Istana Tegaskan Tak Ada Fasilitas Pesawat Jet Pribadi, Hal ini Penjelasannya

JAKARTA – Istana Kepresidenan menegaskan tak ada infrastruktur pesawat jet pribadi terkait dengan Ketua Umum (Ketum), PSI Kaesang Pangarep.
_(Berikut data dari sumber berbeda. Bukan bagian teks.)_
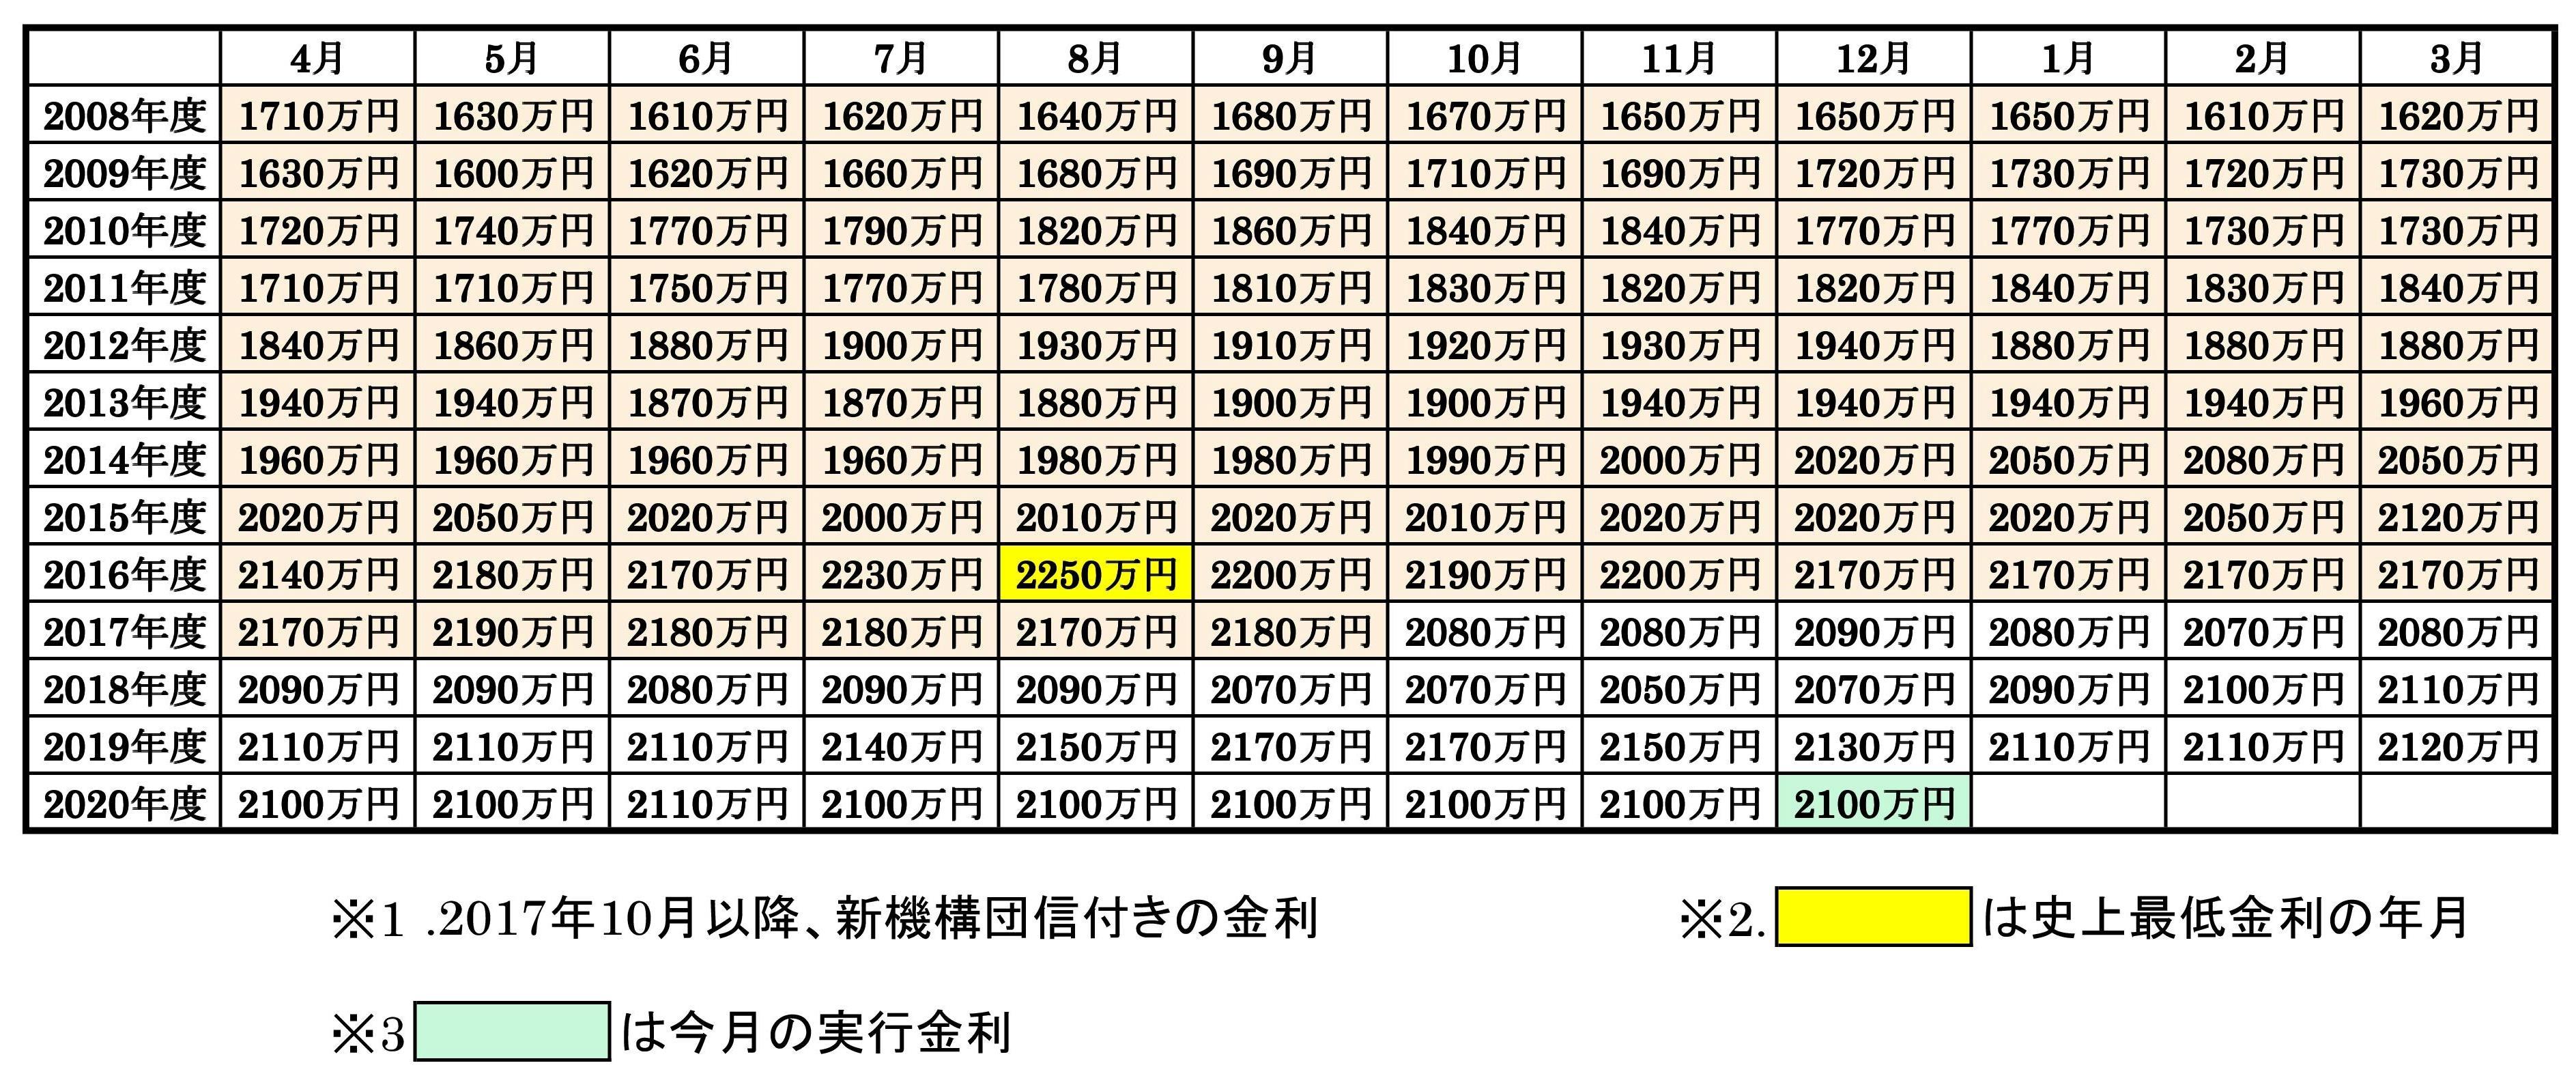 20201201kinri (5).jpg

Hal ini dikatakan oleh Kepala Kantor Komunikasi Kepresidenan/Presidential Communication Office, Hasan Nasbi, sebuah video yang mana diunggah di tempat akun X, Rabu (18/9/2024).
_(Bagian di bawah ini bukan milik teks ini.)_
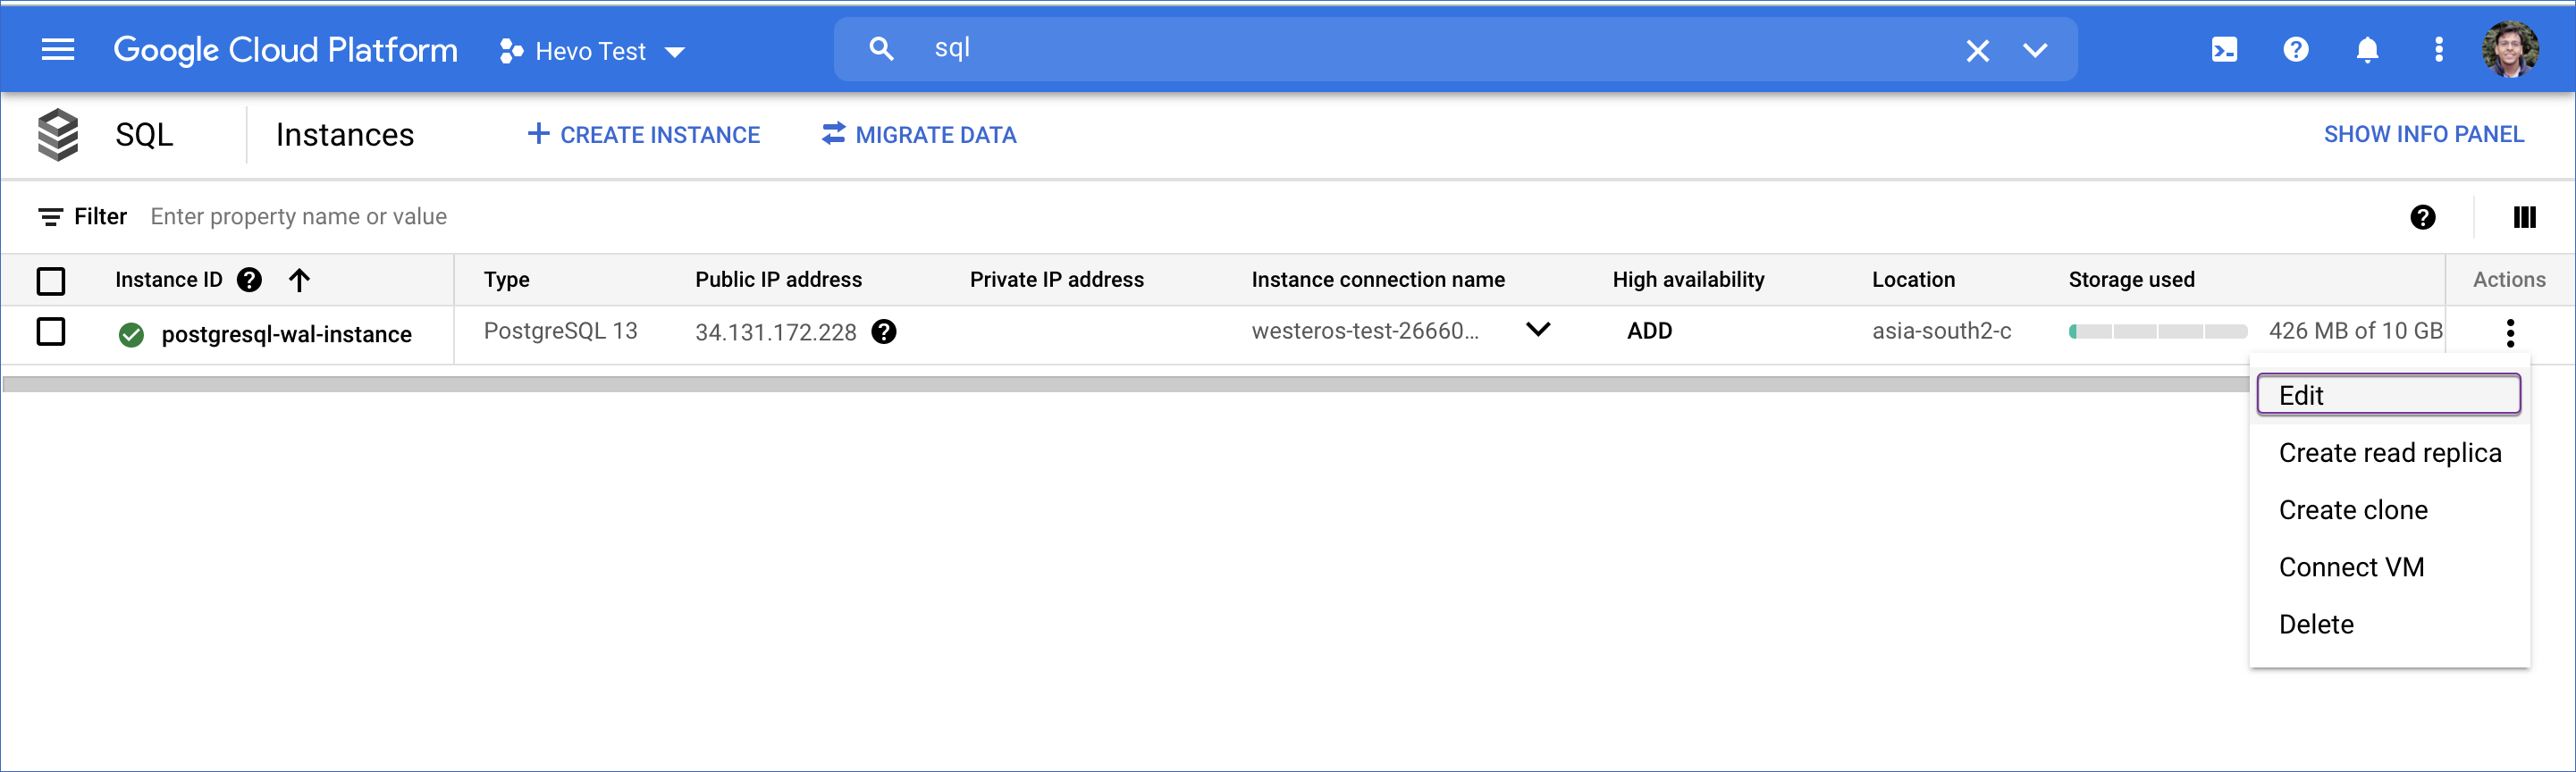 Google Cloud PostgreSQL instance

Penjelasan Hasan Nasbi ini sekaligus membantah gaya hidup mewah Kaesang serta mendapat prasarana pesawat jet pribadi yang dimaksud sedang padat diperbincangkan.
Hasan memaparkan, bahwa Kaesang dan juga istrinya, Erina Gudono, menolak untuk bermewahan tercermin ketika menggunakan pesawat komersial dalam kelas dunia usaha usai hadir di upacara Peringatan Detik-detik Proklamasi pada IKN pada 17 Agustus 2024.
“Mas Kaesang itu terbang ke DKI Jakarta dari sana (IKN) terbang ke Ibukota akibat tanggal 18 (Agustus) beliau mau ke Amerika, numpang pesawat teman ke Amerika ya Mas Kaesang itu naik pesawat kelas ekonomi,” kata Hasan Nasbi di video podcast tersebut.
Hasan mengatakan, di dalam pada pesawat sektor ekonomi yang mana ditumpangi Kaesang, terdapat kelas bidang usaha yang ditempati oleh para menteri, salah satunya Menteri Perdagangan Zulkifli Hasan, dan juga kepala lembaga/badan pemerintah kemudian Direktur Utama LPP TVRI Iman Brotoseno.
Kemudian kata Hasan, Iman Brotoseno sempat bolak-balik ke kelas ekonomi untuk menanyakan lalu menawarkan bertukar tempat duduk terhadap putra bungsu Presiden Joko Widodo (Jokowi) itu.
“Dia tawarkan kursi beliau oleh sebab itu ia enggak enak Kaesang dalam belakang di tempat kelas dunia usaha sementara ada menteri, ada Direktur TVRI, ada kepala badan atau pada kelas bisnis, Mas Kaesang naik ekonomi,” katanya.
Menurut Hasan, jikalau Kaesang mempunyai gaya hidup bermewah-mewah, ia tidak ada akan menggunakan pesawat komersial lalu duduk di area kelas ekonomi. Kaesang, kata Hasan, dapat memohonkan seseorang untuk menjemputnya menggunakan pesawat jet pribadi dari IKN menuju Jakarta, sebelum terbang menuju Amerika Serikat pada 18 Agustus 2024.
Dalam kesempatan sebelumnya, Kaesang juga pernah menggunakan pesawat komersial Citilink dari Medan ke Jakarta. Hasan pun mempersilakan umum membuka manifest daftar penumpang untuk memverifikasi Kaesang juga menggunakan pesawat komersial pada 14 Agustus 2024 dari Medan menuju Jakarta.